Le Conclusioni: Implicazioni Pratiche
Questa ordinanza conferma un orientamento giurisprudenziale cruciale per gli operatori del diritto fallimentare. Le implicazioni pratiche sono significative:
- Concentrazione della tutela: L’unico rimedio per contestare l’esito negativo di un concordato, quando sia seguito da fallimento, è l’impugnazione della sentenza dichiarativa di fallimento.
- Economia processuale: Si evita la duplicazione di giudizi, concentrando l’intera analisi della crisi aziendale all’interno della procedura fallimentare, che assorbe tutte le questioni precedenti.
- Certezza del diritto: Viene stabilito un percorso processuale chiaro per l’imprenditore. L’eventuale illegittimità del diniego di omologa diventa un vizio della sentenza di fallimento, da far valere nelle sedi appropriate, e non più oggetto di un procedimento autonomo e ormai svuotato di scopo.
La dichiarazione di fallimento impedisce di continuare un processo sul concordato preventivo?
Sì, secondo la Corte di Cassazione, la sopravvenuta dichiarazione di fallimento, divenuta definitiva, rende improcedibile il giudizio relativo all’omologazione del concordato preventivo, poiché la procedura fallimentare assorbe l’intera controversia sulla crisi d’impresa.

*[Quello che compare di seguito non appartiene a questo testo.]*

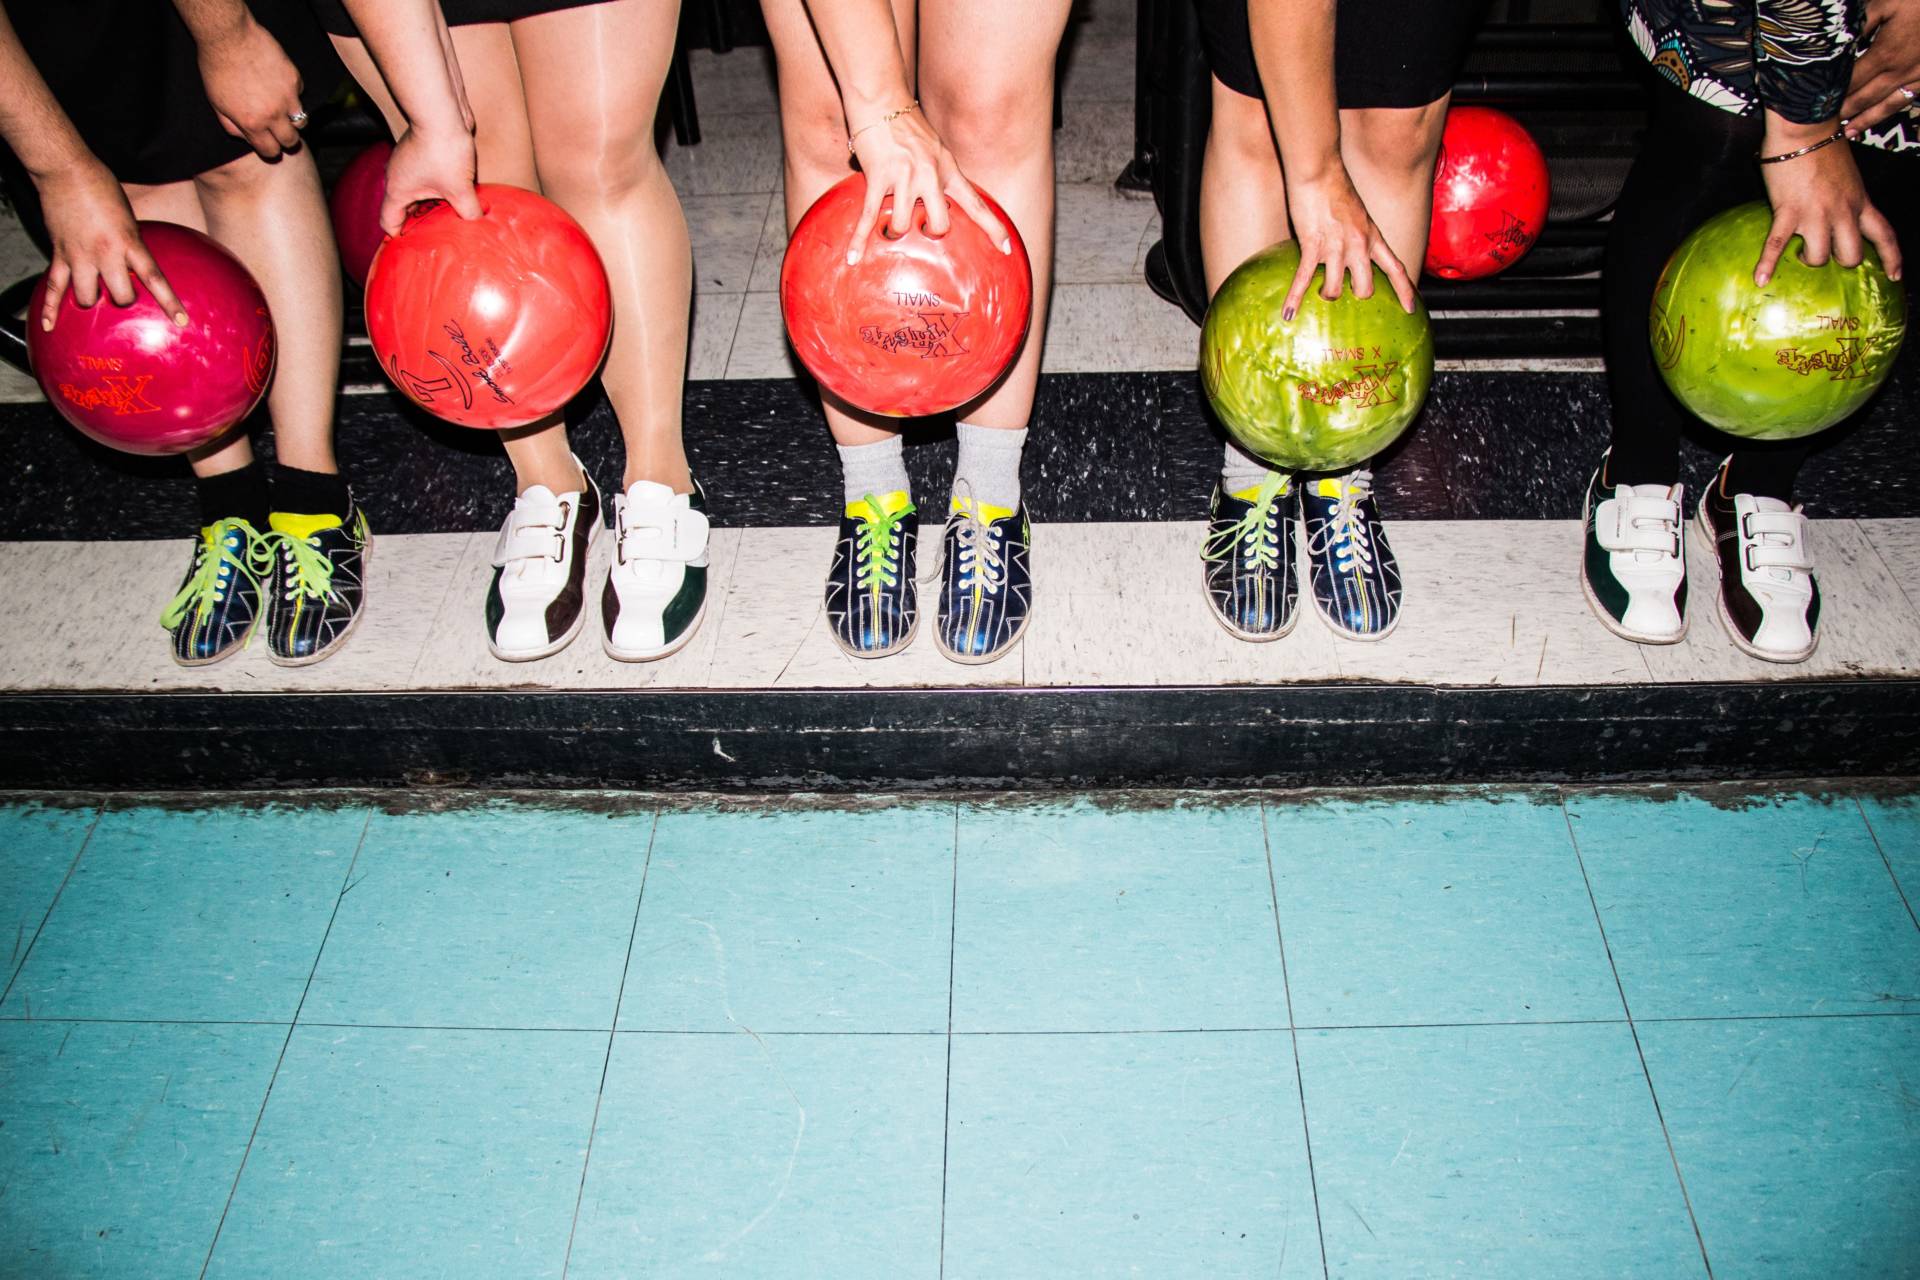 people stood in a line holding bowling balls

Cosa succede se un’azienda viene dichiarata fallita mentre è in corso un appello sulla sua richiesta di concordato?
L’appello o il ricorso per cassazione sul concordato diventa improcedibile. Il giudizio non può proseguire verso una decisione di merito perché il fallimento ha di fatto chiuso la possibilità di risolvere la crisi tramite concordato.
È possibile contestare la sentenza di fallimento basandosi sui motivi che riguardavano il rigetto del concordato?
Sì. La Corte chiarisce che le censure relative al diniego di omologazione del concordato devono essere formulate come motivi di impugnazione contro la sentenza dichiarativa di fallimento. In pratica, la contestazione si ‘trasferisce’ nel giudizio di impugnazione del fallimento.